Abstract Motivation: The explosive growth of next-generation sequencing datasets poses a challenge to the mapping of reads to reference genomes in terms of alignment quality and execution speed. With the continuing progress of high-throughput sequencing technologies, read length is constantly increasing and many existing aligners are becoming inefficient as generated reads grow larger. Results: We present CUSHAW2, a parallelized, accurate, and memory-efficient long read aligner. Our aligner is based on the seed-and-extend approach and uses maximal exact matches as seeds to find gapped alignments. We have evaluated and compared CUSHAW2 to the three other long read aligners BWA-SW, Bowtie2 an…

Statistics and ProbabilitySequencing and Sequence AnalysisTheoretical computer scienceGenomicsBiologyBiochemistrySoftwareHumansMolecular BiologyAlignment-free sequence analysisExact matchSupplementary dataGenome Humanbusiness.industryChromosome MappingHigh-Throughput Nucleotide SequencingGenomicsSequence Analysis DNAOriginal PapersComputer Science ApplicationsComputational MathematicsComputational Theory and MathematicsComputer engineeringScalabilitybusinessSequence AlignmentAlgorithmsSoftwareBioinformatics

researchProduct

Dimension reduction for time series in a blind source separation context using r

2021

Funding Information: The work of KN was supported by the CRoNoS COST Action IC1408 and the Austrian Science Fund P31881-N32. The work of ST was supported by the CRoNoS COST Action IC1408. The work of JV was supported by Academy of Finland (grant 321883). We would like to thank the anonymous reviewers for their comments which improved the paper and package considerably. Publisher Copyright: © 2021, American Statistical Association. All rights reserved. Multivariate time series observations are increasingly common in multiple fields of science but the complex dependencies of such data often translate into intractable models with large number of parameters. An alternative is given by first red…

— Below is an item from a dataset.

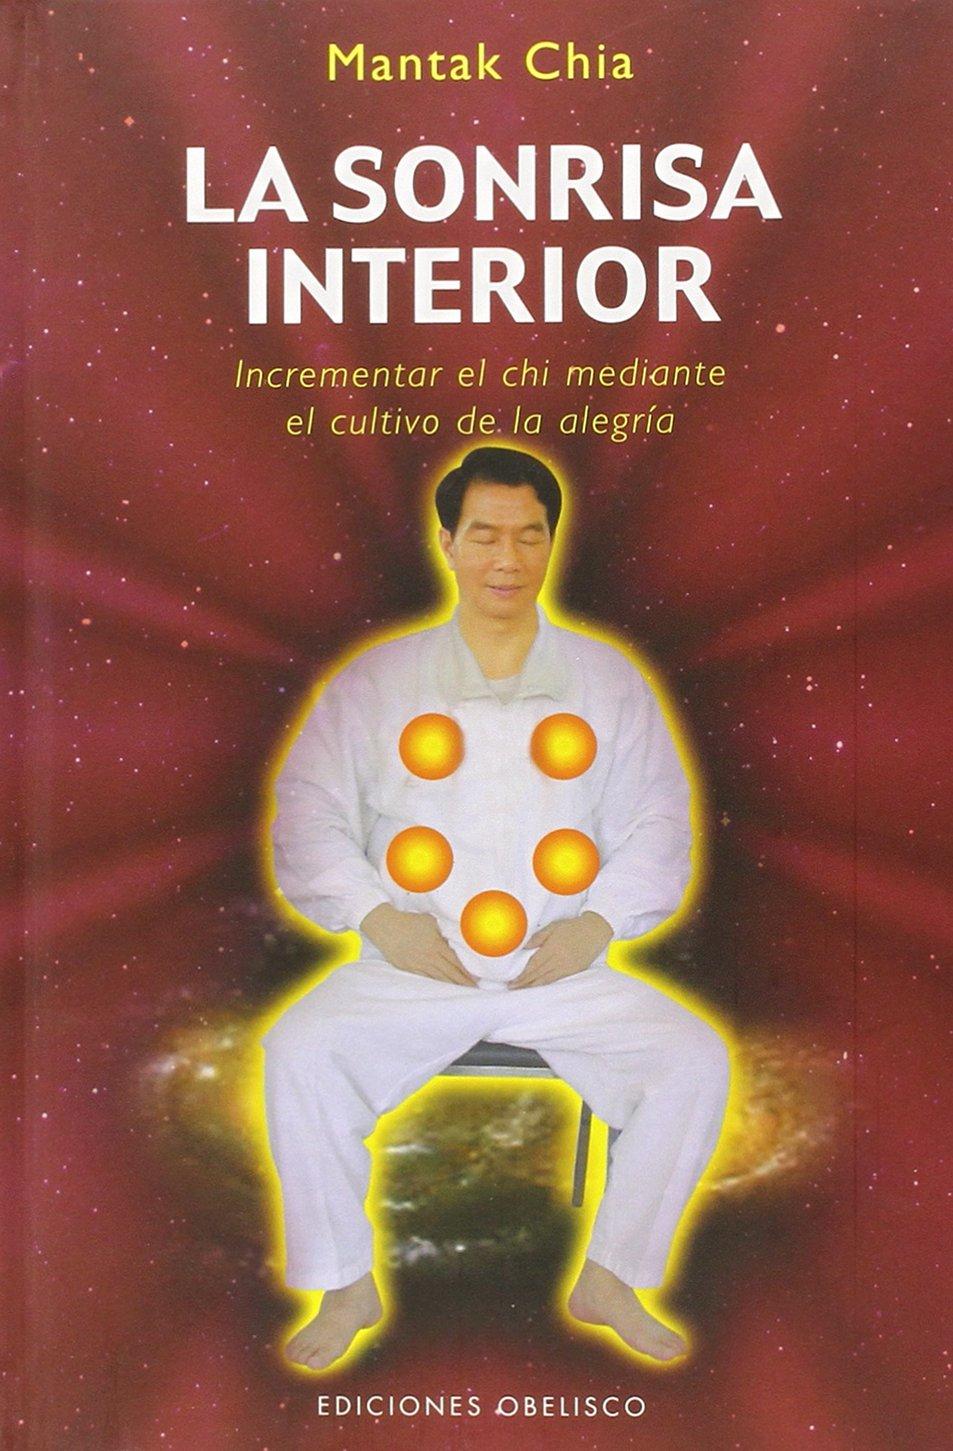 La sonrisa interior: Incrementar el chi mediante el cultivo de la alegría (Obelisco- Artes marciales) Tapa dura – 15 abr 2009 MANTAK CHIA David N.M. George EDICIONES OBELISCO S.L. 8497775244

Statistics and ProbabilitySeries (mathematics)Stochastic volatilityComputer scienceblind source separation; supervised dimension reduction; RsignaalinkäsittelyDimensionality reductionRsignaalianalyysiContext (language use)CovarianceBlind signal separationQA273-280aikasarja-analyysiR-kieliDimension (vector space)monimuuttujamenetelmätBlind source separationStatistics Probability and UncertaintyTime seriesAlgorithmSoftwareSupervised dimension reduction

researchProduct

Stochastic labelling of biological images

1998

Many hypotheses made by experimental researchers can be formulated as a stochastic labelling of a given image. Some stochastic labelling methods for random closed sets are proposed in this paper. Molchanov (I. Molchanov, 1984, Theor. Probability and Math. Statist.29, 113–119) provided the probabilistic background for this problem. However, there is a lack of specific labelling models. Ayala and Simo (G. Ayala and A. Simo, 1995, Advances in Applied Probability27, 293–305) proposed a method in which, given the whole set of connected components, every component is classified in a certain phase or category in a completely random way. Alternative methods are necessary in case the random labellin…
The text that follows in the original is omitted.